Mars Rover Finds Changing Rocks, Surprising Scientists - hvo
http://www.nytimes.com/2015/12/18/science/mars-rover-finds-changing-rocks-surprising-scientists.html?hpw&rref=science&action=click&pgtype=Homepage&module=well-region&region=bottom-well&WT.nav=bottom-well
======
mturmon
It is fascinating to see how much geological history the team has been able to
uncover with the various point measurements and a stratigraphic analysis. The
best summary I know of is in this article in _Science_
([http://www.sciencemag.org/content/350/6257/aac7575.abstract?...](http://www.sciencemag.org/content/350/6257/aac7575.abstract?sid=4250fa26-519a-4e0c-bec2-907515c707fc)),
which documents the discovery of stream beds feeding an ancient lake within
Gale crater, river delta formations with progressively finer sediments, and
small eroded canyons.
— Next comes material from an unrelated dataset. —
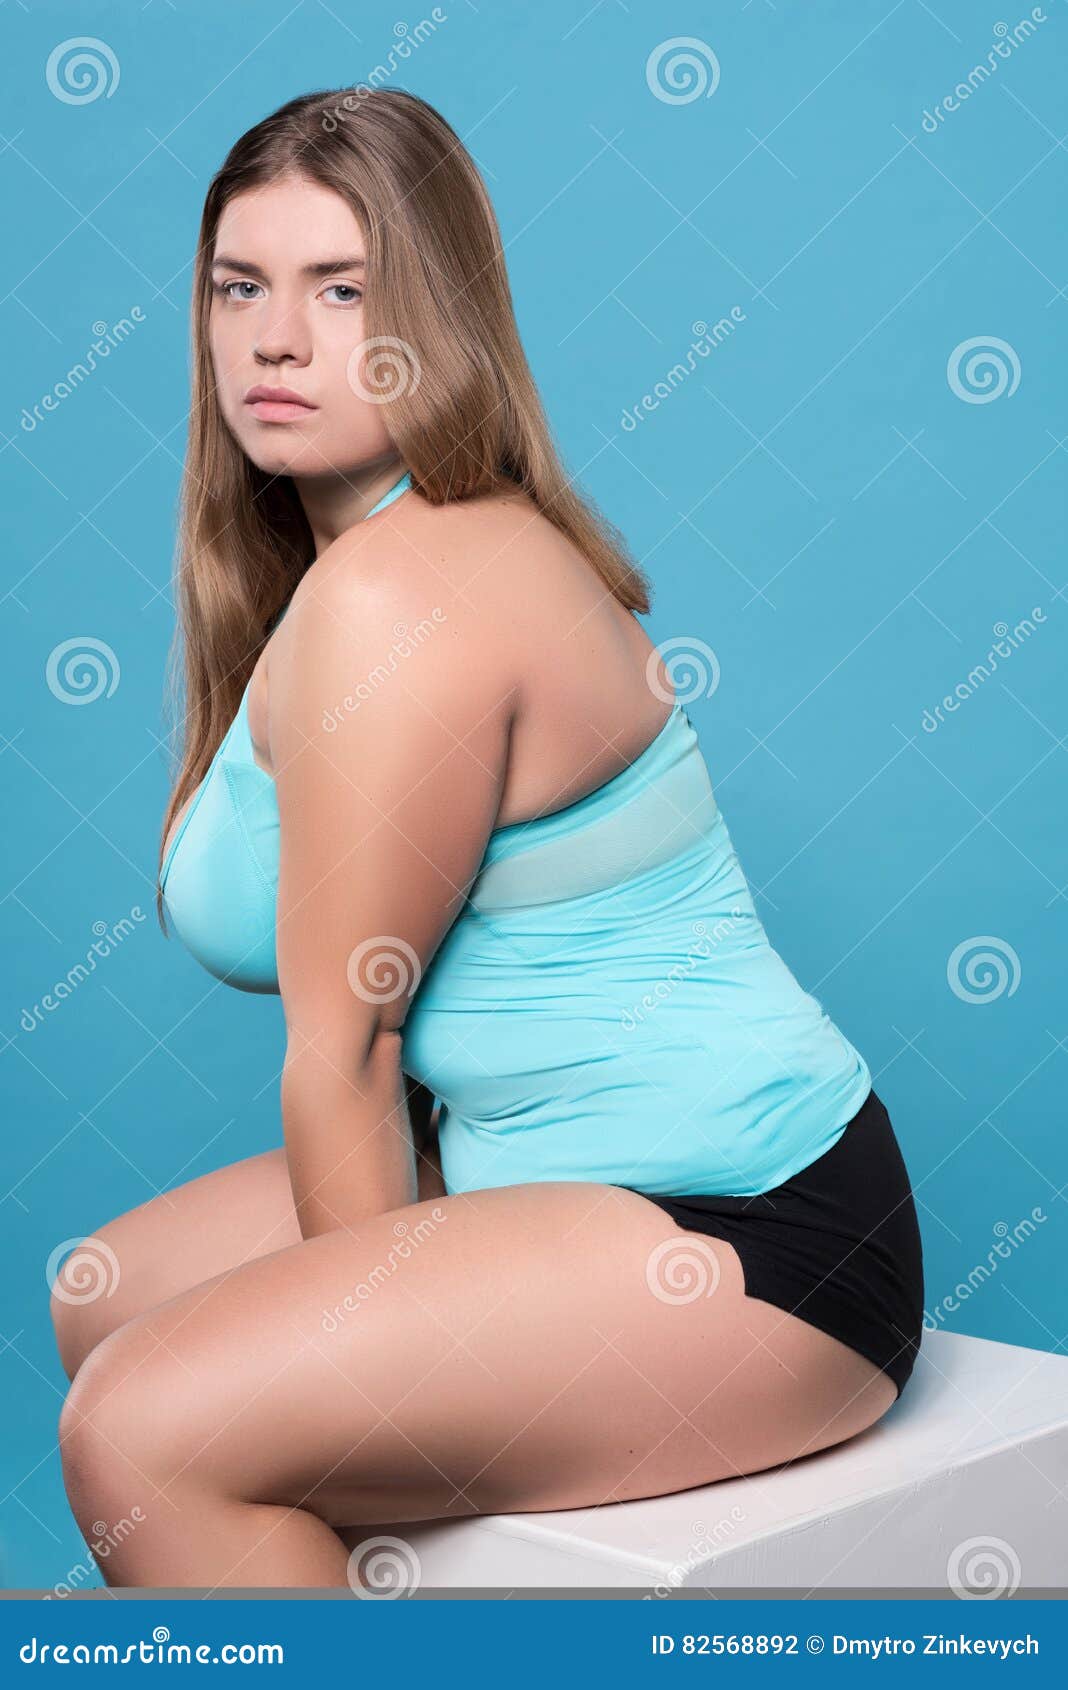 Chubby women photos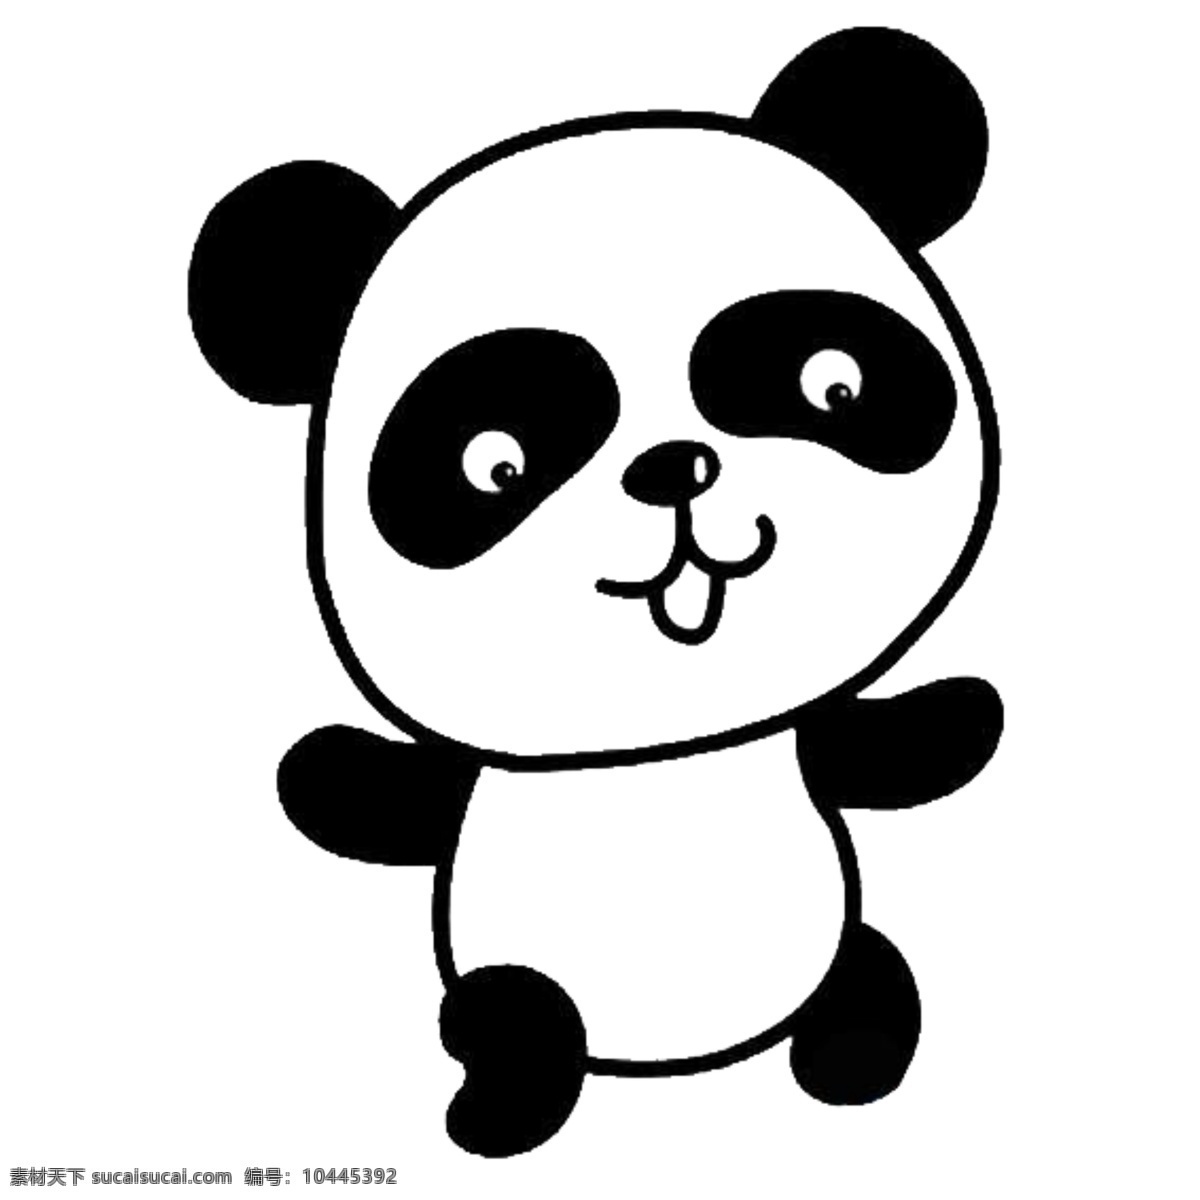 可爱 熊猫 简单 黑白 简笔 黑白色简单 可随意上色 小熊猫 做装饰 图标效果 卡通

It's impressive work.

(Full text article appears to be here:
[https://www.researchgate.net/profile/Linda_Kah/publication/2...](https://www.researchgate.net/profile/Linda_Kah/publication/282734758_Deposition_exhumation_and_paleoclimate_of_an_ancient_lake_deposit_Gale_crater_Mars/links/561bb9e308ae78721fa102b8.pdf))

------
hellbanner
Does the end say there is life on mars?

"The scientists did not present new findings on organics, the carbon-based
molecules that could serve as the building blocks for life. Dr. Vasavada said
that signs of organics had been spotted, but the scientists were still
analyzing them.

“Stay tuned,” he said. “There are organics in several of these samples we’ve
been seeing lately.”"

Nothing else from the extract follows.